Bruna, então, acordou o marido e disse que "já sabia de tudo". Ele não negou o caso extraconjugal e ela decidiu passar um tempo na casa da mãe, mas ressaltou ao delegado que os dois mantinham contato diário. Alguns dias depois, Bruna voltou para casa e, no começo do mês, viu novas mensagens entre o marido e a amante.

Ela afirmou que printou as mensagens e mandou para ele, que pediu para que os dois não se separassem e disse que amava Bruna. O casal, então, decidiu passar "uma borracha e seguir a vida".

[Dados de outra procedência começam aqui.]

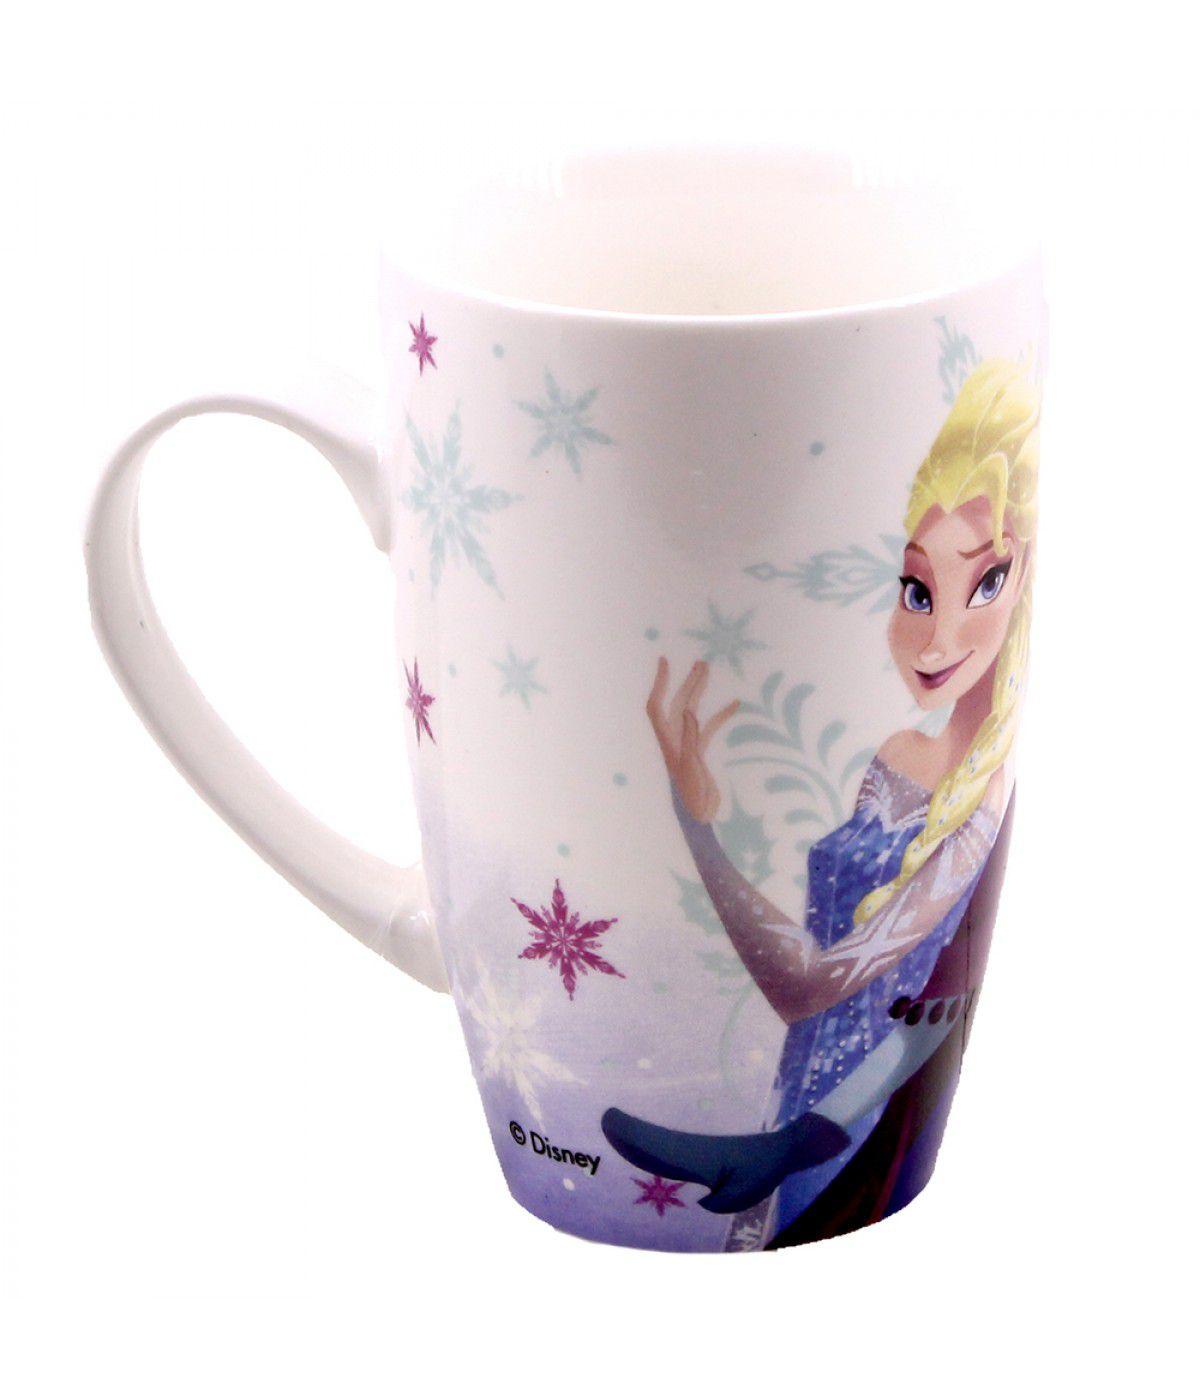 Caneca Porcelana Anna e Elsa: Frozen - 400ml

A gestante contou que chegou a conversar com a mulher pelo Instagram, mas a duas discutiram. A jovem pediu ajuda para a mãe da amante do marido, mas afirmou que ela "não deu atenção".

No sábado (22), ela pediu dinheiro ao marido para fazer a sobrancelha e ir à farmácia. Para chegar ao centro da cidade, a gestante disse que precisava passar pela casa da mulher. Junto da mãe, ela decidiu parar na residência e conversar com o pai da amante sobre as traições.

Logo em seguida, a mãe da mulher também teria se envolvido na situação, como contou a gestante, que foi xingada e agredida junto com a mãe.

FAMÍLIA EM ESTADO DE CHOQUE

Uma amiga de Bruna, que prefere não se identificar, disse à reportagem que o marido dela escolheu não agir para defender a esposa.

"O marido da Bruna estava lá no local, só que como ele tinha um caso com a outra, não fez nada na hora para defender a esposa dele. Deixou acontecer tudo que aconteceu e não fez nada. Infelizmente, nossa família está destruída. A família mora aqui há 31 anos. A Bruna foi defender o pai quando atirou no Marcelo", explicou.

Ela explicou que, desde o dia do crime, Bruna e os pais estão "dopados", pois precisam fazer uso de calmantes, além da gestante ter perdido líquido. Para ela, as famílias não têm culpa da situação.

"Ninguém tem culpa, a culpa é do amante e do cara. A família não tem culpa. Infelizmente, aconteceu tudo isso. Ela é a vítima, as duas famílias são. Errado foram os dois: ele que era casado e a mulher que sabia que ele era casado".

A amiga de Bruna também falou sobre a agressão com o facão, mencionada no boletim de ocorrência.

"Tinha um facão no carro que o pai dela usa para pescar, ele pegou e bateu na bunda da mulher [a amante], porque ela pulou em cima da Bruna, jogou ela no chão, enforcou e começou a pisar na barriga dela. A mãe da amante foi para dar uma paulada na cabeça da Bruna, a mãe dela colocou a mão, está com suspeita de fratura e vai passar por corpo de delito".

A reportagem entrou em contato com a família de Genuir e Marcelo, mas até o momento, não houve retorno. O espaço permanece aberto para posicionamento.